4.4 Performance and Efficiency

Figure 3 summarizes the high accuracy-to-computational-time-efficiency ratio of FDGATII clearly indicating its superior performance mix. The proposed architecture performs consistently better across noisy and diverse datasets with comparable or better accuracy (Table 2) while exhibiting superiority in training and inference times, specifically 12x faster training speeds and up to 9x faster inference speeds over our chosen deep-capable SOTA benchmark, GCNII [5]. FDGATII is 3x faster than H2GCN [29] on Citeseer. Our dynamic attention achieves higher expressive power with fewer layers paying selective attention to nodes, while the II supplements self-node features in highly heterophilic datasets.

By using edge-lists, FDGATII avoids computationally intensive eigen decompositions and matrix operations as well as the need to know the graph structure upfront. Also, output feature computation can be parallelized across nodes while the attention computation can be parallelized across all edges. While FDGATII has the same time complexity of GCNII, by using significantly fewer layers (Table 2 and Table 5), it achieves comparable or better results with superior efficiency-to-accuracy ratios. Note, in Fig. 2, the graph pre processing (inversion, normalization) times for benchmarks were not taken into account due to focus on model training and inference. FDGATII has zero graph pre processing.

4.5 Suspended Animation and Over Smoothing

Responding to training indicates absence of suspended animation [26], while effectively handling higher receptive fields indicates robustness to over-smoothing [6]. Figure 4 shows FDGATII’s performance for 3 selected datasets under increasing layer depth. There is no evidence of performance degradation from suspended animation or over smoothing even at depth of 32. Accuracy is achieved early and sustained over higher depths. In Cora, the drop is 0.1 for 32 layers.
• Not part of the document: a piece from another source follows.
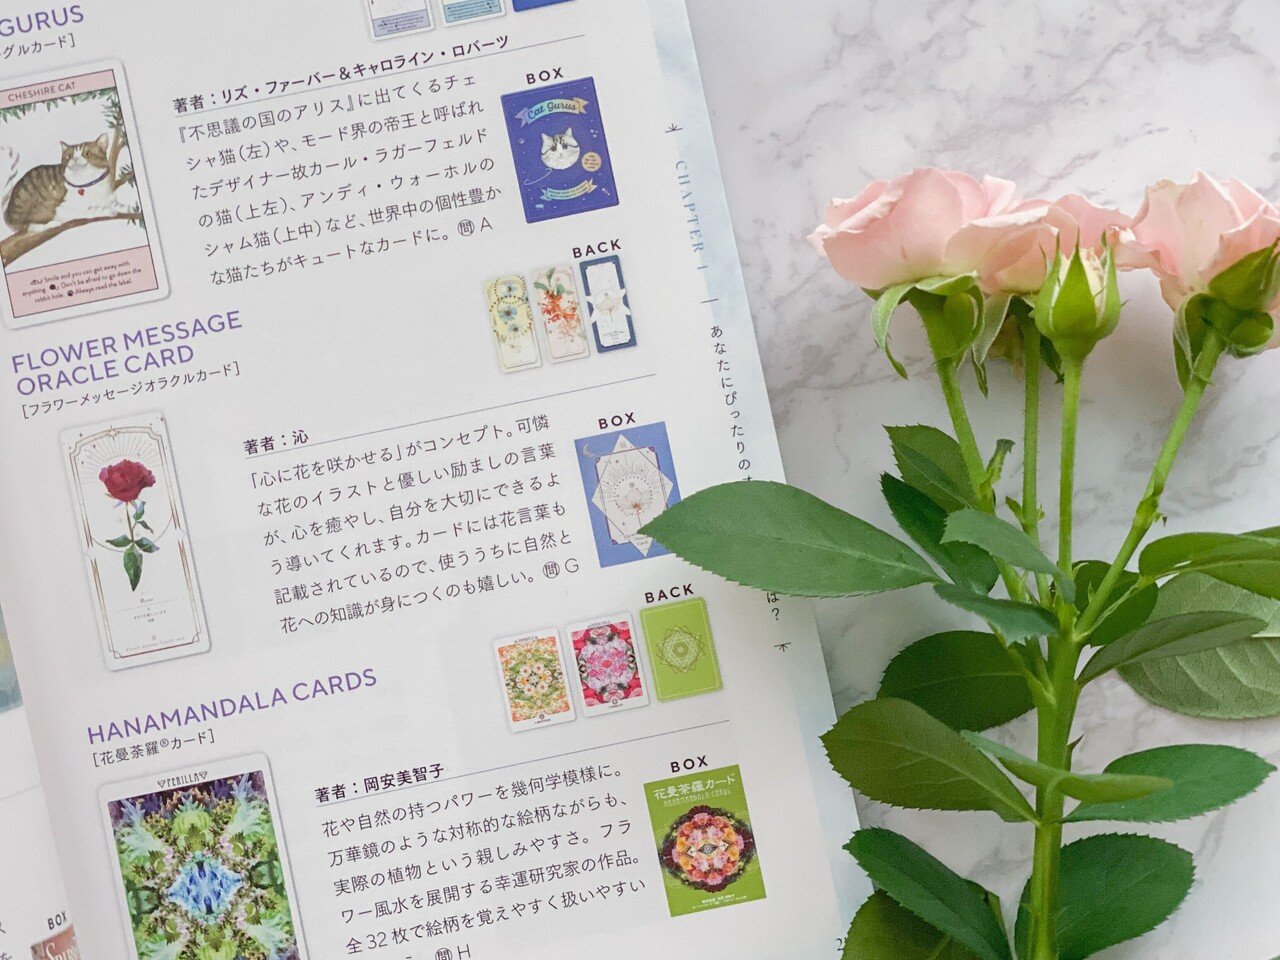 森村あこ先生の新書 いちばんやさしいオラクルカードリーディングの教科書 にフラワーを掲載していただきました Flower Message Note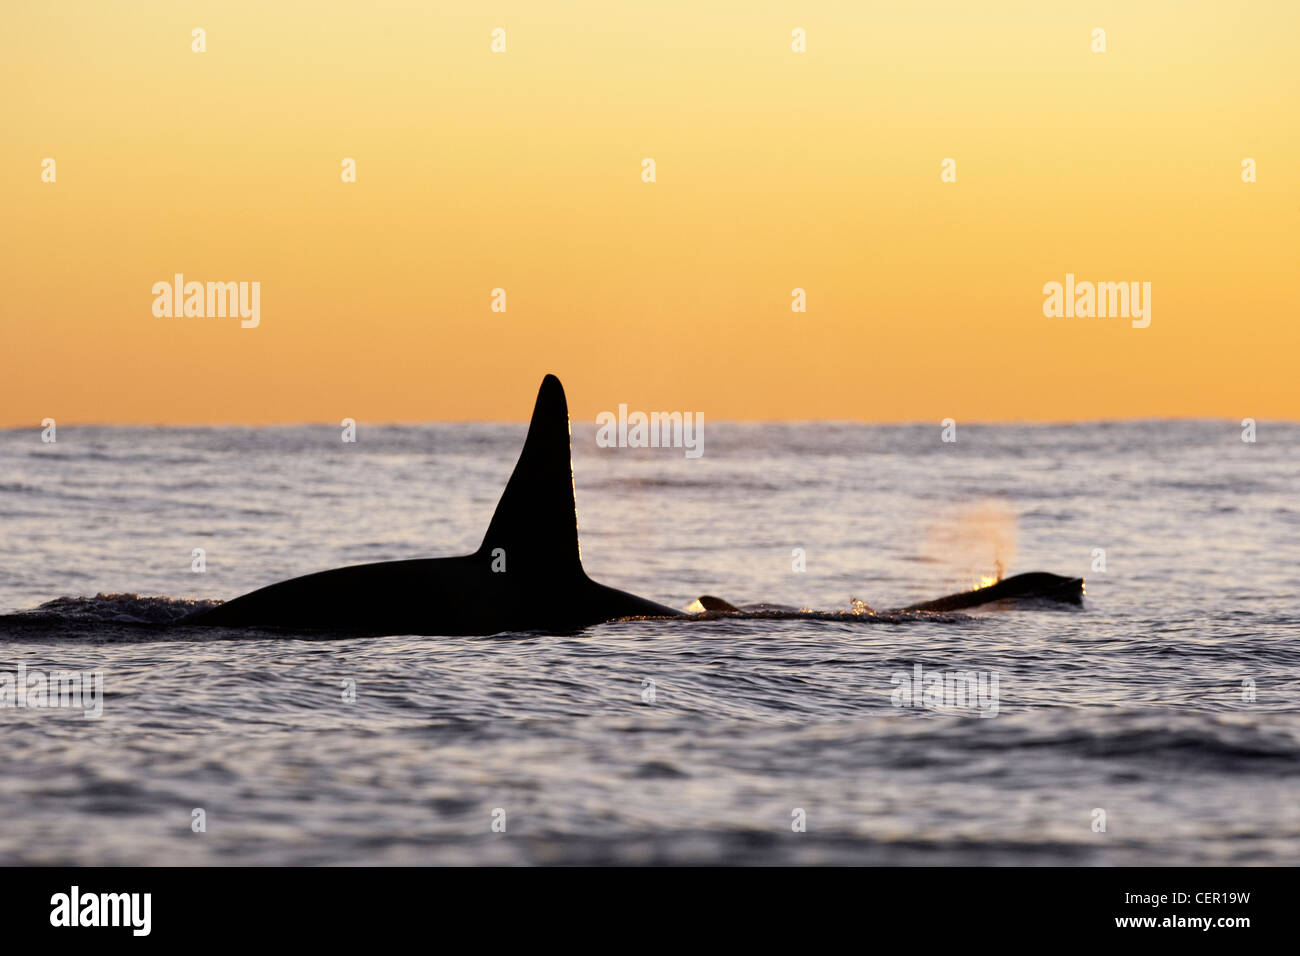 Killer Whale Orca sulla superficie dell'acqua, Orcinus orca, Oceano Atlantico, Norvegia Foto Stock

H2GCN reported OOM for depths over 8.

Fig. 4.
figure 4

Accuracy vs layer depth (on Goole Colab with GPU). FDGATII is consistent. H2GCN OOM after 8 layers. Depth and heterophily degrades GAT/GATv2 accuracy.

Table 5. Final model hyperparameters.

4.6 Broader Issues Related to Heterophily

Many popular GNN models implicitly assume homophily, producing results that may be biased, unfair or erroneous [29]. This can result in the so-called ‘filter bubble’ phenomenon in a recommendation system (reinforcing existing beliefs/views, and downplaying the opposite ones), or make minority groups less visible in social networks, creating ethical implications [7]. FDGATII’s novel self-attention mechanism, where dynamic attention supplemented with II for feature preservation, reduces the filter bubble phenomenon and its potential negative consequences, ensuring fairness and less bias.

This offers new possibilities for future research into data where ‘opposites attract’, in which the majority of linked nodes are different, such as social and dating networks (the majority of persons of one gender connect with the opposite gender), chemistry and biology (amino acids bond with dissimilar types in protein structures), e-commerce (sellers with promoters and influencers), and dark web and other cybercrime related activities [29]. In a typical dark web social network, fraudsters are more likely to connect to intermediaries and prospective victims than to other fraudsters. Illicit actors will form ties with other actors who play different roles [3], resulting in heterophilic characteristics.

5 Conclusion

We propose FDGATII, a novel efficient dynamic attention-based model that combines attentional aggregation with dual feature preserving mechanisms based on Initial residual and Identity. FDGATII successfully combines strengths of both GCN and GAT worlds with none of the drawbacks, is inductive, able to handle noise in graphs and achieves depths of upto 32; a first for any attentional model and a limitation of many prior GNN techniques. Extensive experiments on a wide spectrum of benchmark datasets show that FDGATII achieves SOTA or second-best accuracy on benchmark fully supervised tasks. FDGATII has exceptional accuracy and efficiency whilst simultaneously addressing over-smoothing, suspended animation and heterophily prevalent in real world datasets.